I’ve been using brms to fit a longitudinal hurdle model where the random effects from the two parts of the model are correlated. It seems to work really well. However, I’m struggling to get correct predictions for a new level with the predict method. I’m happy writing my own code for this but wanted to raise my findings here.

I’ll try to explain with 2 examples. Firstly, a gaussian mixed model where each patient (n = 100) has a (correlated) random intercept and slope.

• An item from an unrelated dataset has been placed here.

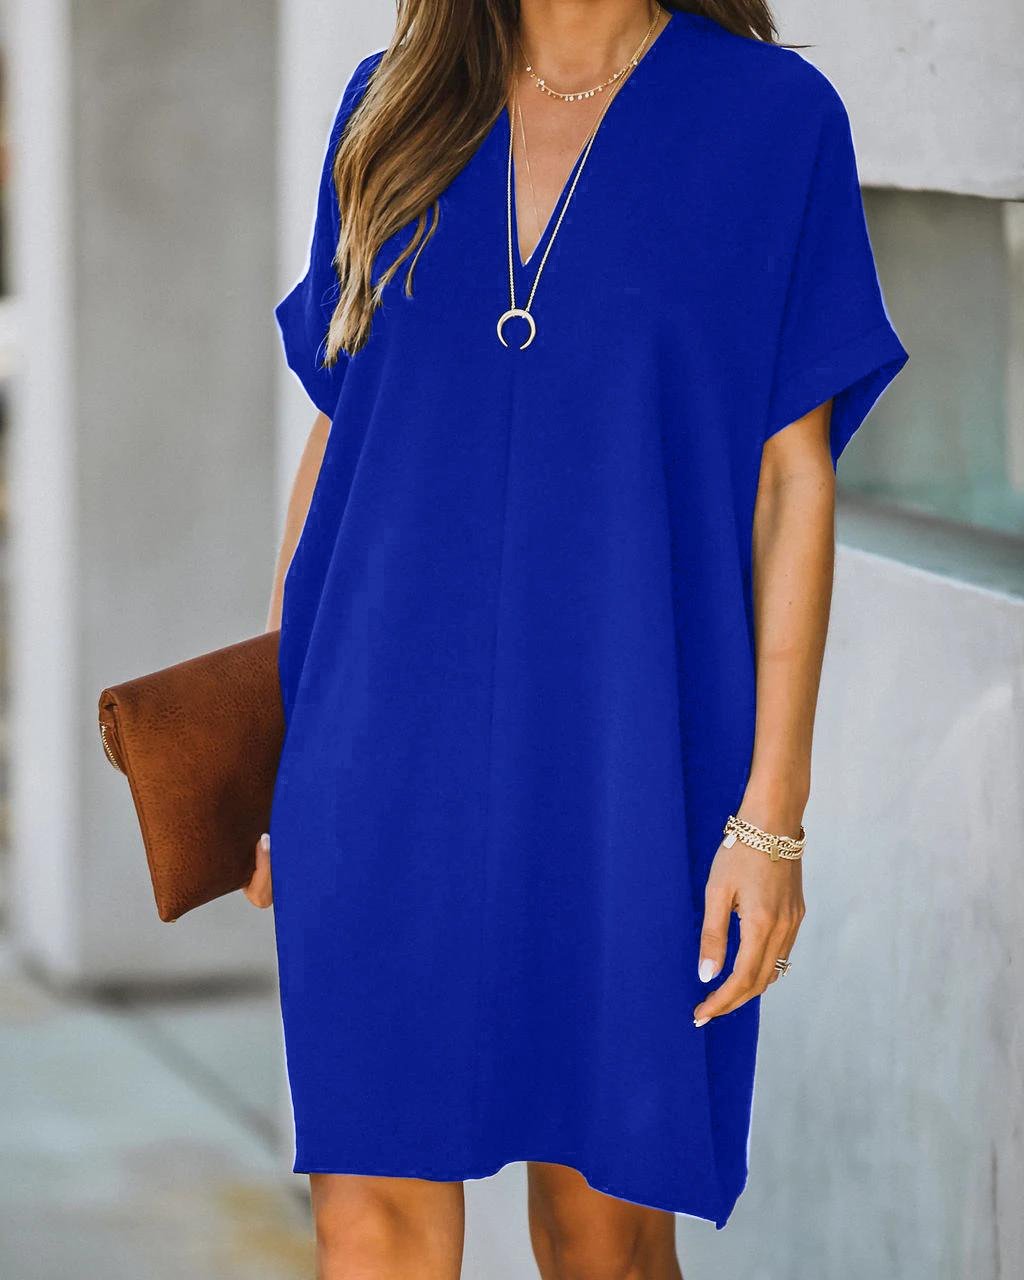 Women's V-neck short-sleeved solid color loose dresses women

Each patient has 4 independent observations at time 0, and 4 independent observations at time 1.

library(brms)
set.seed(180)
u <- rnorm(100, sd = 2)
v <- rnorm(100, mean = -0.95 * u, sd = sqrt((1 - 0.95^2) * 4)) 
y0 <- rnorm(400, mean = u, sd = 1)
y1 <- rnorm(400, mean = u + v, sd = 1)
id <- 1:100
dat <- data.frame(id = rep(id, 8), 
                  time = rep(0:1, each = 400),
                  y = c(y0, y1))

ggplot2::ggplot(data = dat,
                mapping = aes(x = time, y = y, group = id)) +
  geom_line() +
  geom_point()

fit <- brm(y ~  1 + (1  + time | id),
           data = dat,
           family = gaussian())

When I try to predict the response at time 1 for a new patient (101) using the default method I get a prediction interval that is clearly too wide

predict(fit, 
        newdata = data.frame(id = 101, time = 1),
        allow_new_levels = TRUE)

whereas the sample_new_levels = “gaussian” option looks much better

predict(fit, 
        newdata = data.frame(id = 101, time = 1), 
        allow_new_levels = TRUE,
        sample_new_levels = "gaussian")

Now, I would like to use the sample_new_levels = “gaussian” for a hurdle model:

set.seed(180)
u <- rnorm(100, sd = 2)
v <- rnorm(100, mean = -0.95 * u, sd = sqrt((1 - 0.95^2) * 4)) # p(zero) is negatively correlated with Y*
ystar <- exp(rnorm(800, mean = u, sd = 1))
z <- rbinom(800, size = 1, prob = 1 - plogis(-1 + v)) # p(cross hurdle) = 1 - p(zero)
id <- 1:100

dat <- data.frame(id = rep(id, 8), 
                  y = z * ystar)


fit_hurdle <- brm(bf(y ~  1 + (1 | q | id),
                     hu ~ 1 + (1 | q | id)),
                  data = dat,
                  iter = 4000,
                  family = hurdle_lognormal())


predict(fit_hurdle, 
        newdata = data.frame(id = 101), 
        allow_new_levels = TRUE,
        sample_new_levels = "gaussian",
        robust = TRUE)

But this gives me values that are too small. It’s difficult to see from a plot of the data but I can simulate directly from the model

u <- rnorm(1e6, sd = 2)
v <- rnorm(1e6, mean = -0.95 * u, sd = sqrt((1 - 0.95^2) * 4)) # p(zero) is negatively correlated with Y*
ystar <- exp(rnorm(1e6, mean = u, sd = 1))
z <- rbinom(1e6, size = 1, prob = 1 - plogis(-1 + v)) # p(cross hurdle) = 1 - p(zero)
y <- z * ystar

quantile(y, probs = c(0.025, 0.5, 0.975))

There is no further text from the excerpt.